Instructions for the task
Report every line from the material that contains the word "Chicken".

Data under study
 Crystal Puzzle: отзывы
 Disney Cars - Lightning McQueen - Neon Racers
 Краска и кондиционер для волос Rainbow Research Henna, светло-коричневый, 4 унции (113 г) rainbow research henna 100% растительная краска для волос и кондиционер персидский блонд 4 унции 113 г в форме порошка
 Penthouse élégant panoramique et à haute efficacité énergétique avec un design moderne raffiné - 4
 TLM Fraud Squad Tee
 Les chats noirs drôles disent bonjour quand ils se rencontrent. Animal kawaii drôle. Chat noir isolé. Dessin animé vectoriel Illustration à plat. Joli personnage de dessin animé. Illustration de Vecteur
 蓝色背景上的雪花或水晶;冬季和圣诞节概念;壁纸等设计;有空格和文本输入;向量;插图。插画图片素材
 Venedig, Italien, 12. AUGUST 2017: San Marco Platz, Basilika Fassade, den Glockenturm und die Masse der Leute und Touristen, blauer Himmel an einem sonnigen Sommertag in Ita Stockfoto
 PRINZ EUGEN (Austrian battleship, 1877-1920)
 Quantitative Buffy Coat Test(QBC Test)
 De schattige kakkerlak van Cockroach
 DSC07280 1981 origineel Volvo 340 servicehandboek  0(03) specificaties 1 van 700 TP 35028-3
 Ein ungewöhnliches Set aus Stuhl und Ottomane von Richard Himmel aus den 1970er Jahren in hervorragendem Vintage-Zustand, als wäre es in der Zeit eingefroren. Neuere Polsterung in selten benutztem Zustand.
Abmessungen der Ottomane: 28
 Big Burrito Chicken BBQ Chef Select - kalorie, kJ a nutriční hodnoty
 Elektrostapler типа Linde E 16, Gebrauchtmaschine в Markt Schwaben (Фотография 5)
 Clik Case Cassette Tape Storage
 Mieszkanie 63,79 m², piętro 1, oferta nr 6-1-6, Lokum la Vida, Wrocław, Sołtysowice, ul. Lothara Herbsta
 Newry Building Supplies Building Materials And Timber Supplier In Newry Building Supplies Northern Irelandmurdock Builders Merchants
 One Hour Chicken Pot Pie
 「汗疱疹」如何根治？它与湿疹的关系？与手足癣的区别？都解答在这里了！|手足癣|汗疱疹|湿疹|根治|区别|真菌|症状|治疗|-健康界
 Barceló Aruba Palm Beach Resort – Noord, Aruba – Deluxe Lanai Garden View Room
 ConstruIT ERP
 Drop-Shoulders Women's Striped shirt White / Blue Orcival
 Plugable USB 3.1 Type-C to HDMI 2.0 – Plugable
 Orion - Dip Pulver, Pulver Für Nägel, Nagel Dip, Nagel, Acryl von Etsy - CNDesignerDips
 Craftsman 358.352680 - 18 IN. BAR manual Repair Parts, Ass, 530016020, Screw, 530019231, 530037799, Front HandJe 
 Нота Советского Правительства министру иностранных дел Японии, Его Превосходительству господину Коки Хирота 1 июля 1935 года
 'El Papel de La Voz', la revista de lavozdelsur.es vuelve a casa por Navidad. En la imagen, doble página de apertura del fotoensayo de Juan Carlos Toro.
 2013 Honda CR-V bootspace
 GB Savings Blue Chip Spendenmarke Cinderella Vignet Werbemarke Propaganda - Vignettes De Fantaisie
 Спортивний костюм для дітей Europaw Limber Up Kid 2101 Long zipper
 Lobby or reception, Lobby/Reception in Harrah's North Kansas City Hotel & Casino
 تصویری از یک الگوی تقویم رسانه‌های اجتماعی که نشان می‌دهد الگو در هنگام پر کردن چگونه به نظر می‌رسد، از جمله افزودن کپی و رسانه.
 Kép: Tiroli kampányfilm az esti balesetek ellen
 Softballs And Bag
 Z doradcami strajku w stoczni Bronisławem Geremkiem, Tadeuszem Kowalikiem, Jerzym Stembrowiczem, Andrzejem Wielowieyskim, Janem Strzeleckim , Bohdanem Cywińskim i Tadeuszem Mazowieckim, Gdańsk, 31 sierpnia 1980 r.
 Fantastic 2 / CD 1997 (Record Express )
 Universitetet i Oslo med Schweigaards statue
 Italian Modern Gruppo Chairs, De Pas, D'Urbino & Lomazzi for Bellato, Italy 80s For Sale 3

Exercise solution
 Big Burrito Chicken BBQ Chef Select - kalorie, kJ a nutriční hodnoty
 One Hour Chicken Pot Pie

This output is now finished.